### This note book incrementally loads the data from the stage table to all the Dimensional and Fact Tables

In [0]:
# Importing the required libraries and functions.
from pyspark.sql.functions import (
    col,
    current_timestamp,
    to_timestamp,
    concat,
    substring,
    max,
)
from pyspark.sql.functions import monotonically_increasing_id

In [0]:
# Reading the stage table
df = spark.read.table("stg_store.stg_orders")

# Calculating the current maximum TransactionTime from fact_order table
df_fact_orders_max_transaction_time = spark.read.table("store.fact_orders")
max_transaction_time = df_fact_orders_max_transaction_time.agg(
    max(col("TransactionTime")).alias("max_transaction_time")
).collect()[0][0]


# Formatting the TransactionTime
df_temp = df.withColumn(
    "TransactionTime",
    to_timestamp(
        concat(
            substring(col("TransactionTime"), 5, 4),  # Extract year (e.g., "2023")
            substring(col("TransactionTime"), 9, 3),  # Extract month (e.g., "Jan")
            substring(col("TransactionTime"), -4, 4),  # Extract day (e.g., "10")
            substring(col("TransactionTime"), 11, 9),  # Extract time (e.g., "12:30:00")
        ),
        "MMM dd yyyy HH:mm:ss",
    ),
).filter((col("UserID") != -1) & (col("UserID") != -1) & (col("ItemCode") != -1))
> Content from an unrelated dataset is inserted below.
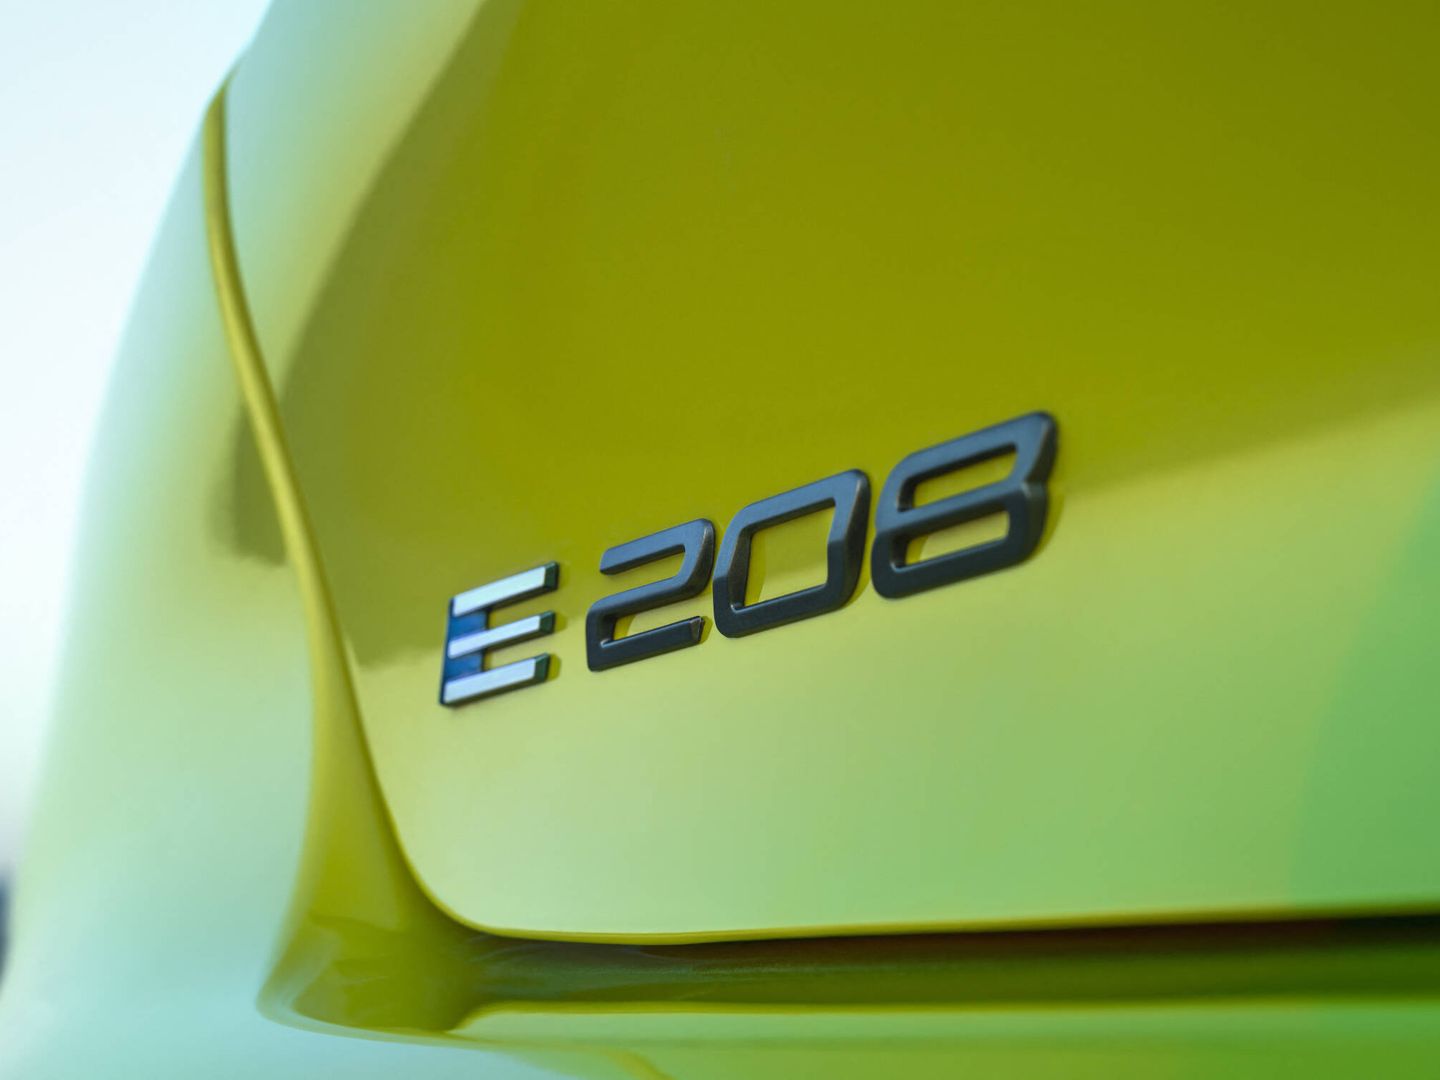 A diferencia del resto de versiones, en el e-208 la letra 'E' luce en azul y blanco.

if max_transaction_time is None:
    # Load all records if no max_transaction_time is found
    df_incremental = df_temp
else:
    # Incremental filter based on maximum TransactionTime
    df_incremental = df_temp.filter(col("TransactionTime") > max_transaction_time)

In [0]:
# Loading the dim_users table with only new users
dim_users_df = spark.table("store.dim_users")

new_records_dim_users_df = (
    df_incremental.join(dim_users_df, on="UserId", how="left_anti")
    .select("UserId")
    .distinct()
)

# Adding surrogate key and load date columns
new_records_dim_users_with_skey_df = new_records_dim_users_df.withColumn(
    "user_skey", monotonically_increasing_id().cast("int")
).withColumn("load_date", current_timestamp())

# Rearranging the columns as per table
df_dim_users_rearranged = new_records_dim_users_with_skey_df.select(
    "user_skey", "userid", "load_date"
)

# Appending the data to dim users table
df_dim_users_rearranged.write.format("delta").mode("append").saveAsTable(
    "store.dim_users"
)

In [0]:
# Loading the dim_items table with only new items
dim_items_df = spark.table("store.dim_items")

new_records_dim_items_df = (
    df_incremental.join(dim_items_df, on="ItemCode", how="left_anti")
    .select("ItemCode", "ItemDescription", "CostPerItem")
    .distinct()
)

# Adding surrogate key and load date columns
new_records_dim_items_with_skey_df = new_records_dim_items_df.withColumn(
    "item_skey", monotonically_increasing_id().cast("int")
).withColumn("load_date", current_timestamp())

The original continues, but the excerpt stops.